Methods Related to the Parent or Siblings
Each of the following descriptions reference the following XML snippet. Note that given our DTD, this snippet is well-formed but not technically valid as no DTD is given.
<catalog> <entry> <title>Better Living Thru Chemistry</title> </entry> <entry> <title>Conversational French</title> </entry> <entry> <title>Special Edition:Using Java 2 and XML</title> </entry> </catalog>
Node getParentNode() Returns the parent of this node or null in the case of Document, DocumentFragment, or Attribute objects. In addition, nodes that have been created on-the-fly but not inserted into a document may return null. The parent of any <entry...> node is <catalog>.
Node getPreviousSibling() Returns the immediate sibling to the current node or null if the first or no prior sibling exists. The previous sibling of Conversational French is Better Living.
Node getNextSibling() Same as previous only for next sibling.
Methods that Return Information About the Document a Node Is Contained Within
While there is only a single method for returning the DOM document a node is contained within, it is important to be able to access the parent Document from any given Node.
Document getOwnerDocument() Returns null for documents or the Document this Node is contained within.
Methods for Manipulating the Children of a Node
There are a number of methods for manipulating the contents of a node.

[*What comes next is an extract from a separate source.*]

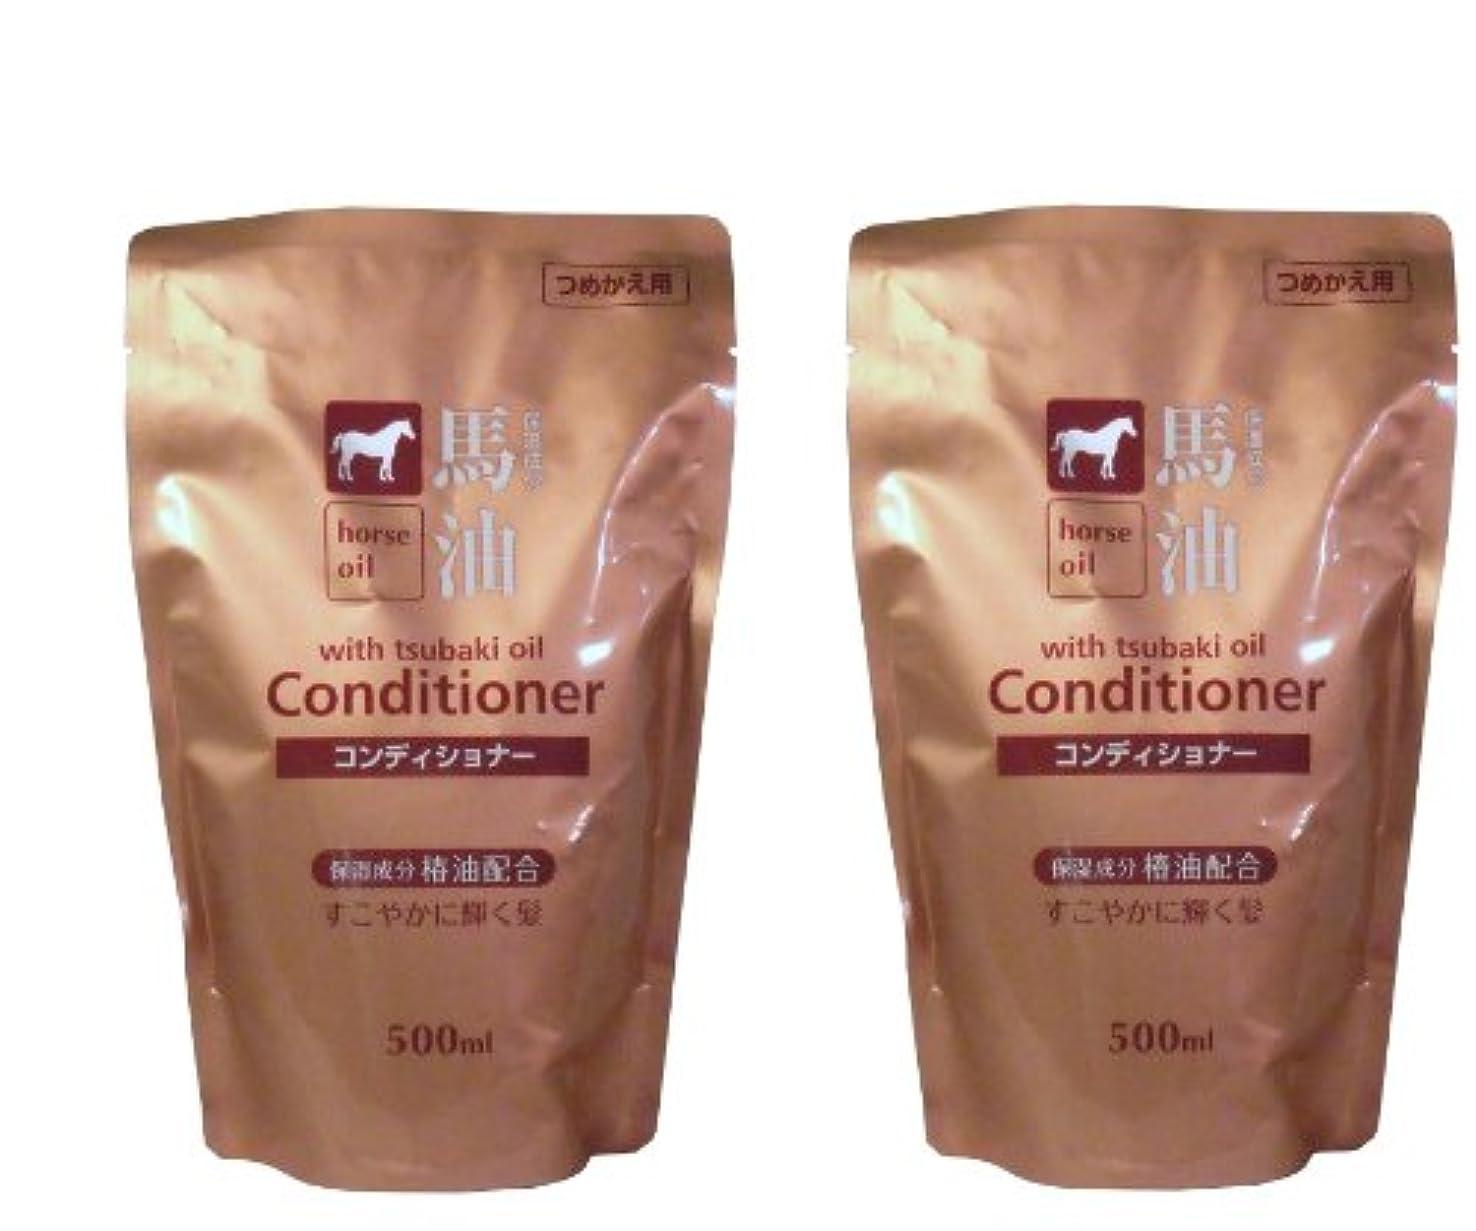 肥満とても先祖馬油コンディショナー 椿油配合 詰替え用 2個セット(各500mL)  【日本製】

Node insertBefore(Node new, Node reference) Inserts a node before reference node returns the inserted node.
Node replaceNode(Node replacement, Node tobereplaced) Replaces the specified node with the replacement node. Returns the replaced node.
Node removeNode(Node toberemoved) Removes the input node. Returns the removed node.
Node appendChild(Node tobeappended) Adds a child node to the list of child nodes of the current node. Returns the node appended.
Node cloneNode(boolean deep) Produces a duplicate of the node. If deep=true, all the children of this node are also duplicated recursively. Note that all attributes of the node are copied. If deep=false, the node's children are not copied.